- ICH GCP
- Registro degli studi clinici negli Stati Uniti
- Sperimentazione clinica NCT01768962
Livelli di tenofovir in seguito all'applicazione locale di tenofovir a ridotto contenuto di glicerina 1% gel
Uno studio crossover di fase 1 che valuta la farmacocinetica di tenofovir gel a ridotto contenuto di glicerina 1% nei compartimenti rettale e vaginale nelle donne
Panoramica dello studio
Stato
Condizioni
Tipo di studio
Iscrizione (Effettivo)
Fase
- Fase 1
Contatti e Sedi
Luoghi di studio
-
-
New York
-
New York, New York, Stati Uniti, 10032
- Center for Infectious Disease Epidemiologic Research, Mailman School of Public Health, Columbia University
-
-
Criteri di partecipazione
Criteri di ammissibilità
Età idonea allo studio
Accetta volontari sani
Sessi ammissibili allo studio
Descrizione
Criterio di inclusione:
- Età da 21 a 45 anni (inclusi) allo Screening
- In grado e disposto a fornire il consenso informato scritto
- In grado e disposto a rispettare tutti i requisiti della procedura di studio, tra cui valutazioni cliniche e di laboratorio, esami vaginali e rettali, analisi delle urine e del sangue, nonché la partecipazione a tutte le visite di studio programmate
- In generale buona salute allo screening e all'arruolamento come determinato dall'investigatore registrato (IoR)/o da un incaricato
- Test di gravidanza negativo allo screening e all'arruolamento
- HIV-negativo allo screening e all'arruolamento
- In grado e disposti a fornire informazioni di localizzazione adeguate
- Disponibilità a utilizzare preservativi maschili forniti dallo studio per la durata della partecipazione allo studio per rapporti penetrativi
- Rapporto per partecipante allo screening, cicli mestruali regolari con almeno 21 giorni tra le mestruazioni (non si applica ai partecipanti che riferiscono di utilizzare un metodo contraccettivo a base di solo progestinico allo screening, ad es. Depo-Provera, IUD contenenti progesterone o uso prolungato di orali contraccettivi)

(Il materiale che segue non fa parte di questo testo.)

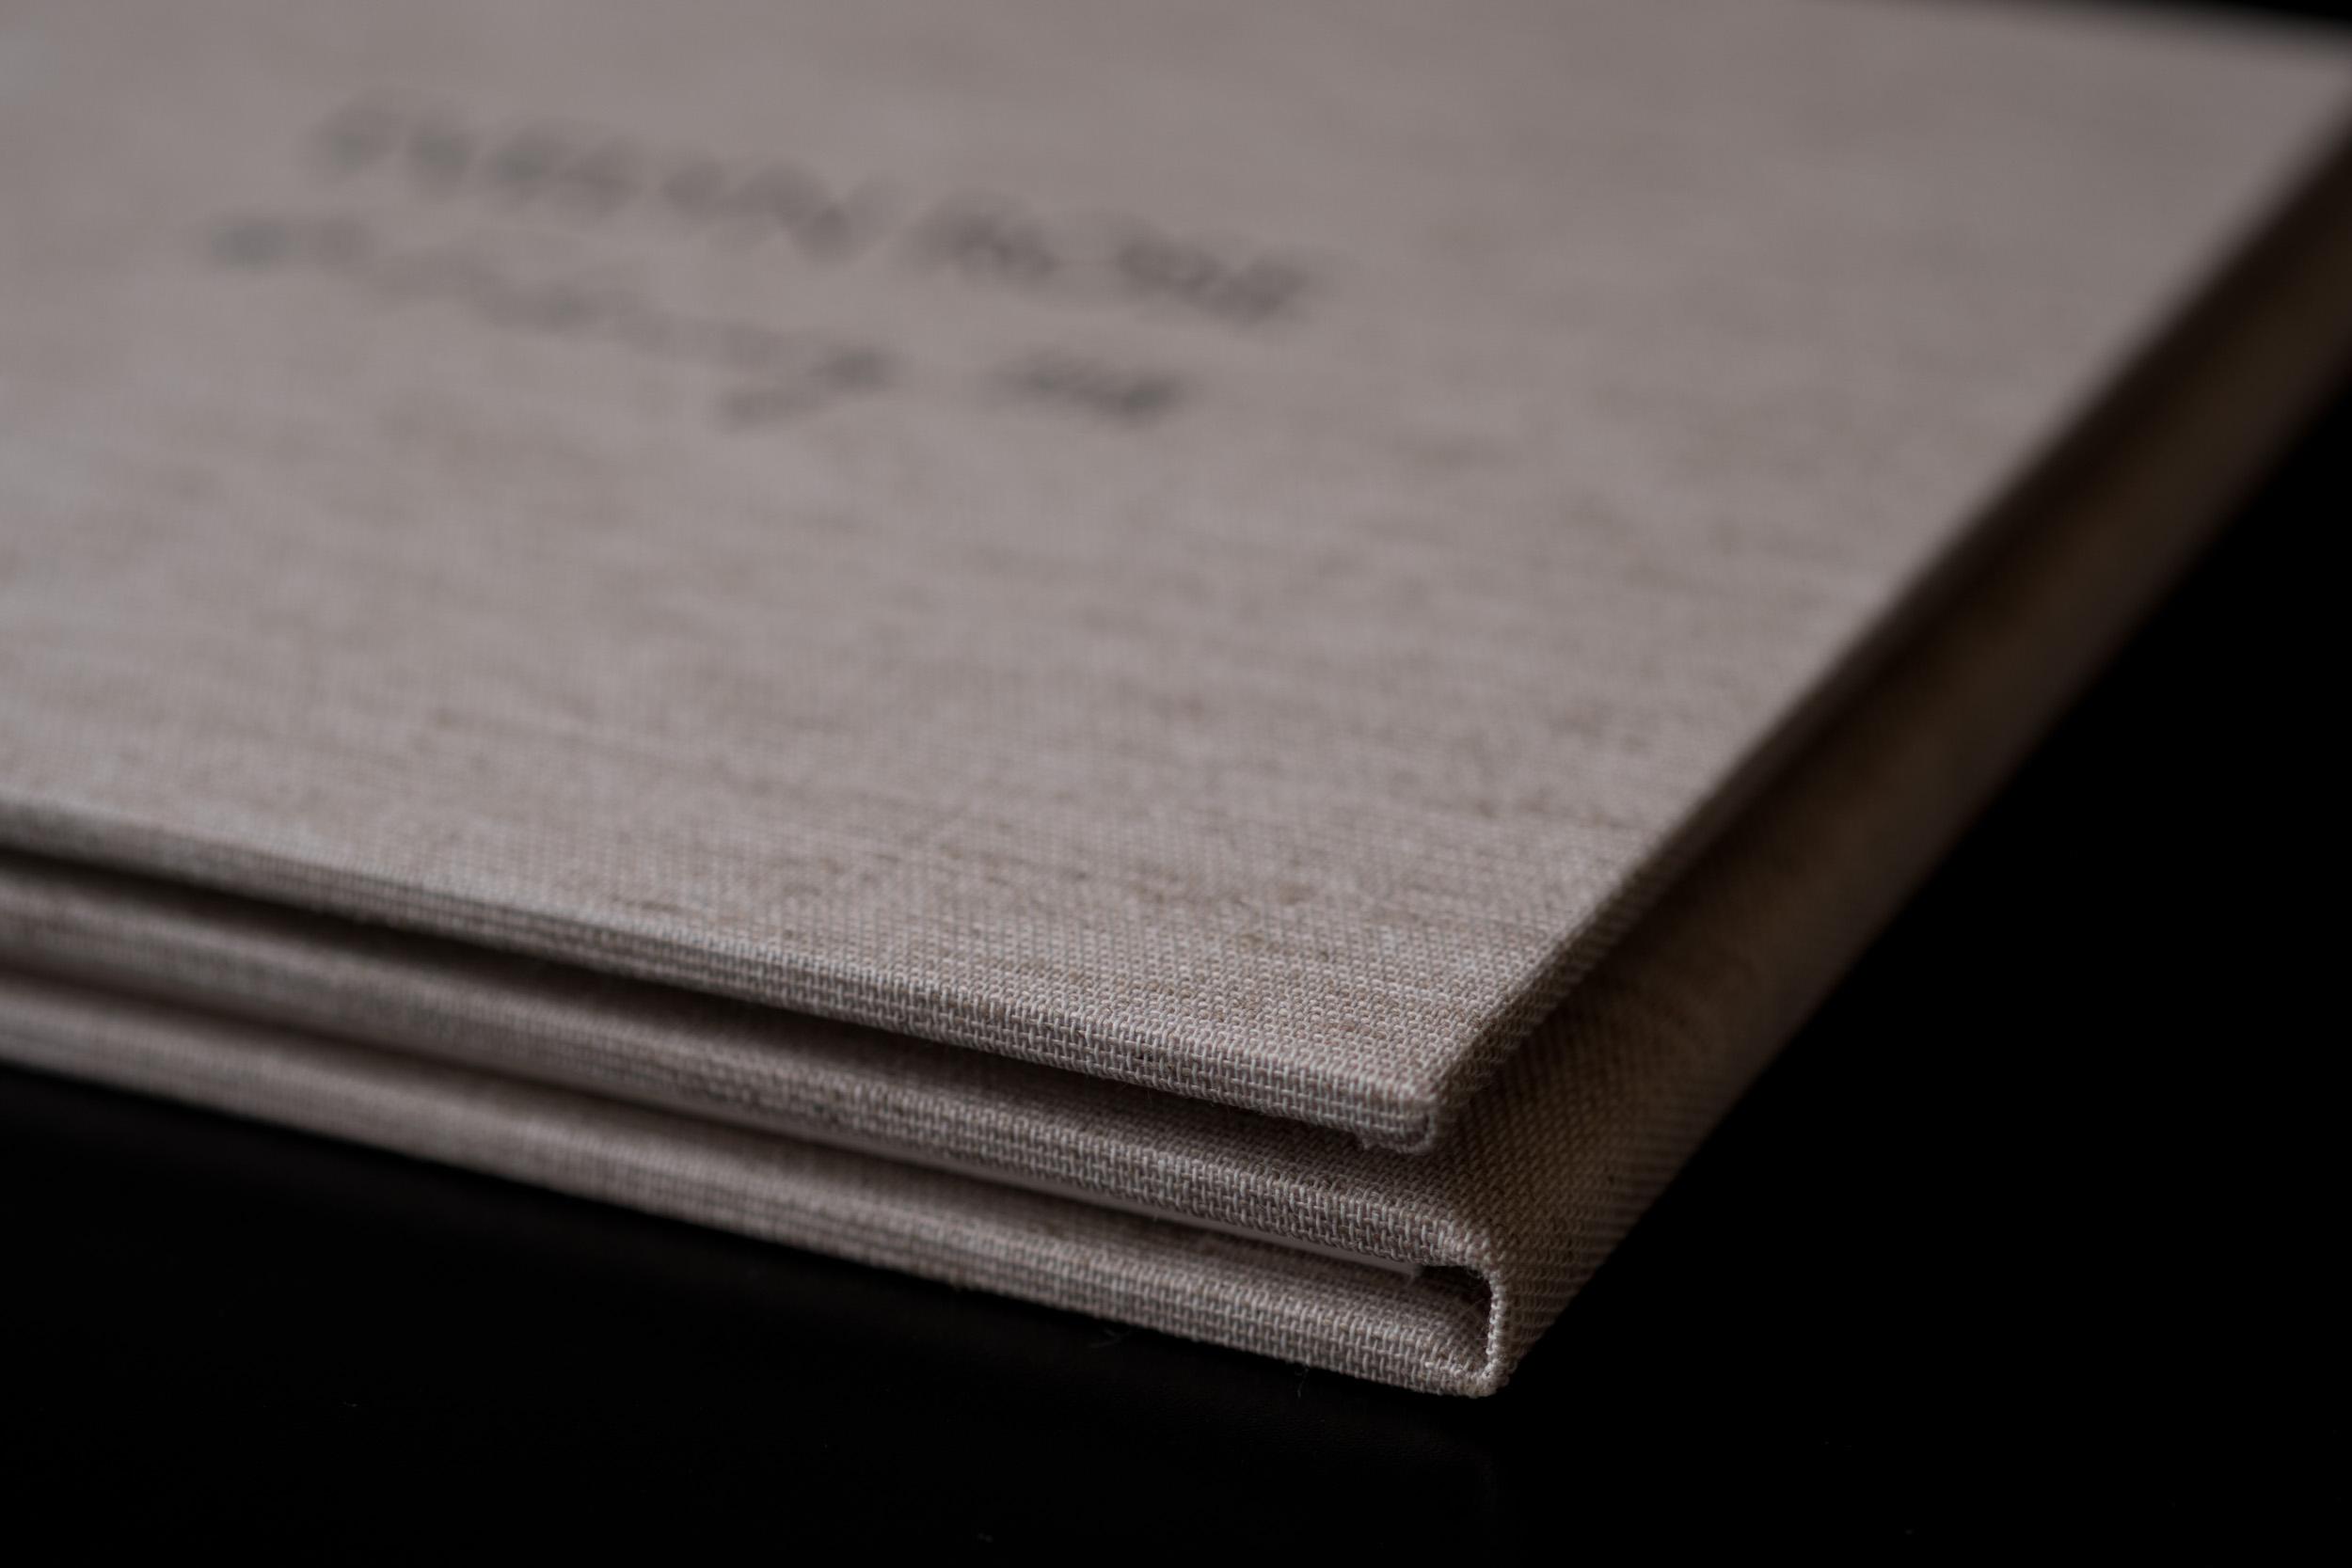 Newborn-Photography-Lincoln-Trio-Display-Folio-002.jpg

Rapporto per partecipante all'arruolamento, utilizzando un metodo contraccettivo efficace e con l'intenzione di utilizzare un metodo efficace per la durata della partecipazione allo studio; metodi efficaci includono:
- Metodi ormonali, esclusi gli anelli vaginali
- Dispositivo intrauterino (IUD) inserito almeno 42 giorni prima dell'arruolamento (ma non oltre la durata massima di utilizzo consigliata secondo le istruzioni sulla confezione)
- Sterilizzazione del partecipante o del partner almeno 42 giorni prima dell'iscrizione
- Si identifica come una donna che fa sesso esclusivamente con donne
- Astinenza sessuale per almeno 90 giorni prima dell'iscrizione e intenzione di rimanere sessualmente astinente per la durata della partecipazione allo studio
- Per rapporto dei partecipanti allo Screening, dichiara la volontà di astenersi dall'inserire nella vagina o nel retto qualsiasi prodotto o oggetto vaginale o rettale non oggetto dello studio, inclusi, a titolo esemplificativo ma non esaustivo, spermicidi, preservativi femminili, diaframmi, anelli vaginali contraccettivi, farmaci vaginali, coppette, cappucci cervicali (o qualsiasi altro metodo di barriera vaginale), lavande vaginali/rettali, clisteri, lubrificanti non approvati dallo studio, giocattoli sessuali (vibratori, dildo, ecc.) e tamponi per la durata dei periodi di utilizzo del prodotto in studio e per 24 ore prima di ogni visita programmata alla clinica dello studio.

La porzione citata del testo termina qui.